Let me take you down, ’cause I’m going to Strawberry Fields

The ribbon cutting ceremony at Strawberry Fields Nature Preserve

As you wind your way up the steep, paved drive to Strawberry Fields Nature Preserve, you will be welcomed by a series of signs featuring the lyrics to The Beatles’ “Strawberry Fields Forever,” a song which continues to evoke a mellow, other-worldly feeling fifty years after its original release in 1967.

The lyric signs, dappled by morning sunlight and framed by the emerald green of maple leaves in spring, set the stage for the grand opening of our Strawberry Fields Nature Preserve last Saturday, May 20. Over 150 guests drove to Cranes Hollow Road in Amsterdam to celebrate the opening of this 118 acre property to the public.

MHLC Board Member Claiborne Walthall and daughter Anna enjoy hiking at the grand opening

Visitors mingled and enjoyed coffee, pastries, fruit, and granola. Maple syrup, which was harvested and processed on the property by landowner Jeff Leon, was for sale, with all proceeds going to MHLC to directly support the preservation of Wolf Hollow in Amsterdam.

MHLC Executive Director Mark King, welcomed the crowd in a sunny field, a strong breeze cooling the air. “Thank you for joining us for the opening of our newest preserve,” said King. “We are proud to be working with landowners in Montgomery County to continue to protect the open spaces which make this area so beautiful, and to create preserves for the public to enjoy.”

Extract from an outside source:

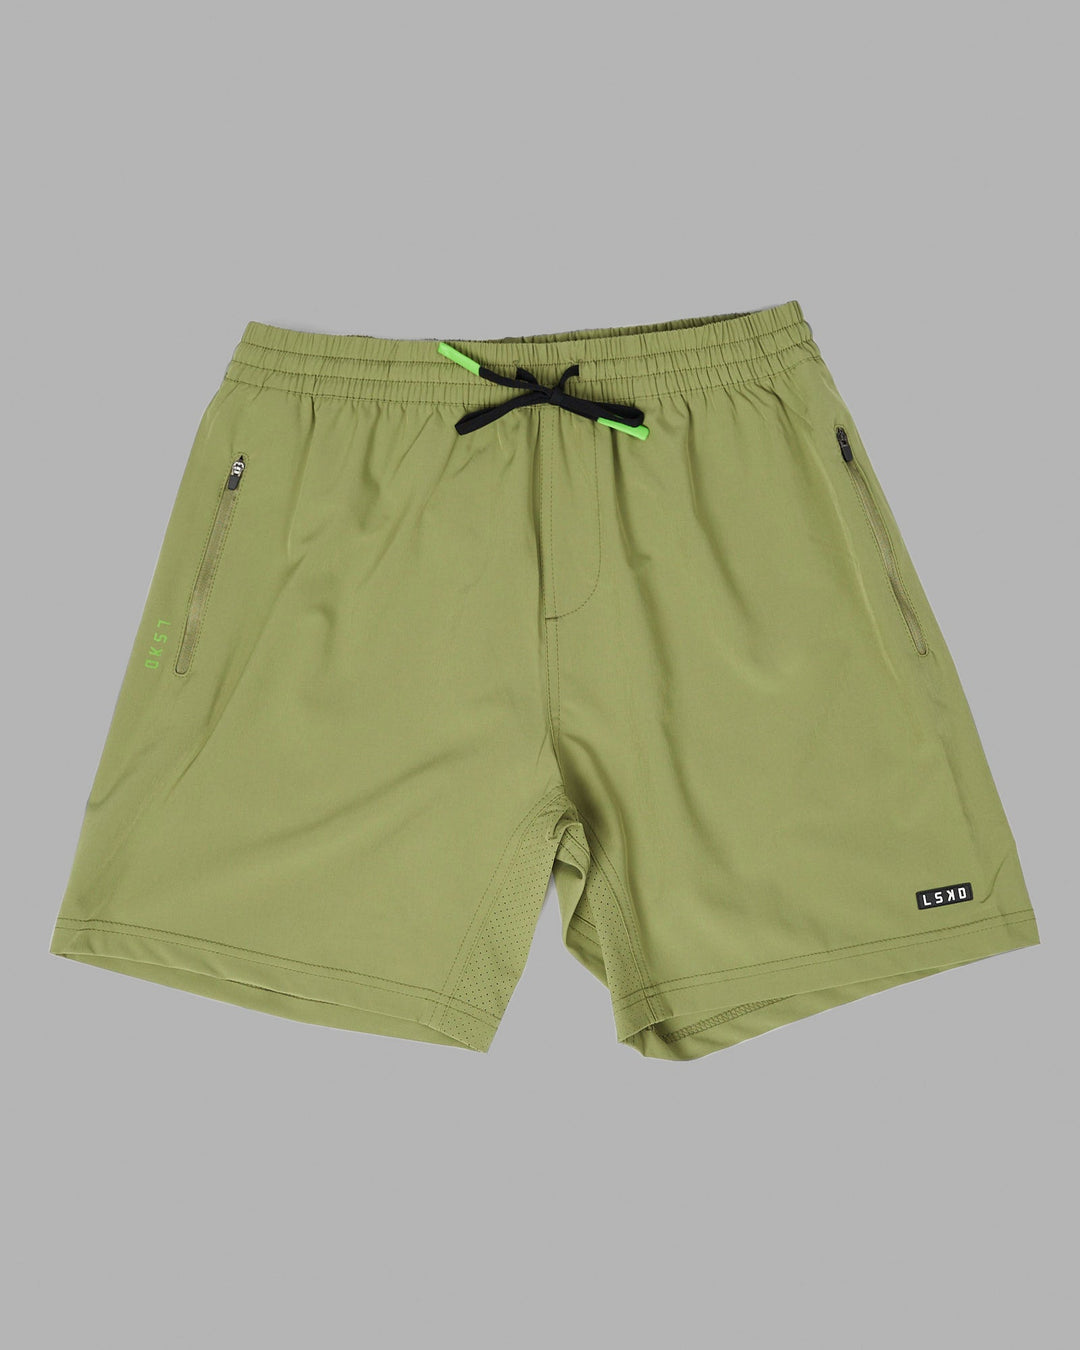 Rep 7'' Performance Short - Moss Stone-Lime

Jeff Leon, owner and steward of the preserve, spoke of his work with MHLC to protect this property in 2013 under a conservation easement. He named the property “Strawberry Fields” because of the many wild strawberries found in the open fields and along the trails. As guests leave the property, they see the lyrics to John Lennon’s “Imagine” printed on the back of the driveway signs. Leon explained that he chose the lyrics to “Imagine” because of the unifying message of the song. “I may be a dreamer,” Leon remarked, “but I’m not the only one…For nearly 50 years, Strawberry Fields has given me so many opportunities to learn about, and appreciate, the breadth of life. By opening our nature trails to the public, I hope many more people will take the same opportunities to more deeply realize how much human existence depends on nature, and why overexploitation of nature threatens that existence. Deeper appreciation of nature’s essential assistance can lead us to living in a sustainable manner.”

After the remarks from King and Leon, the official opening ceremony concluded with Leon cutting a large ribbon, assisted by his grandchildren. The ceremony was followed by a series of guided tours on the preserve’s trails. The crowd split into smaller hiking parties, trekking across open fields to explore the features of the red and yellow trails: views over the Mohawk River Valley, hemlock forests, a sinkhole, excellent birding areas by a large pond, and the fields and successional forests in which over 300 vascular plant species have been identified by botanists.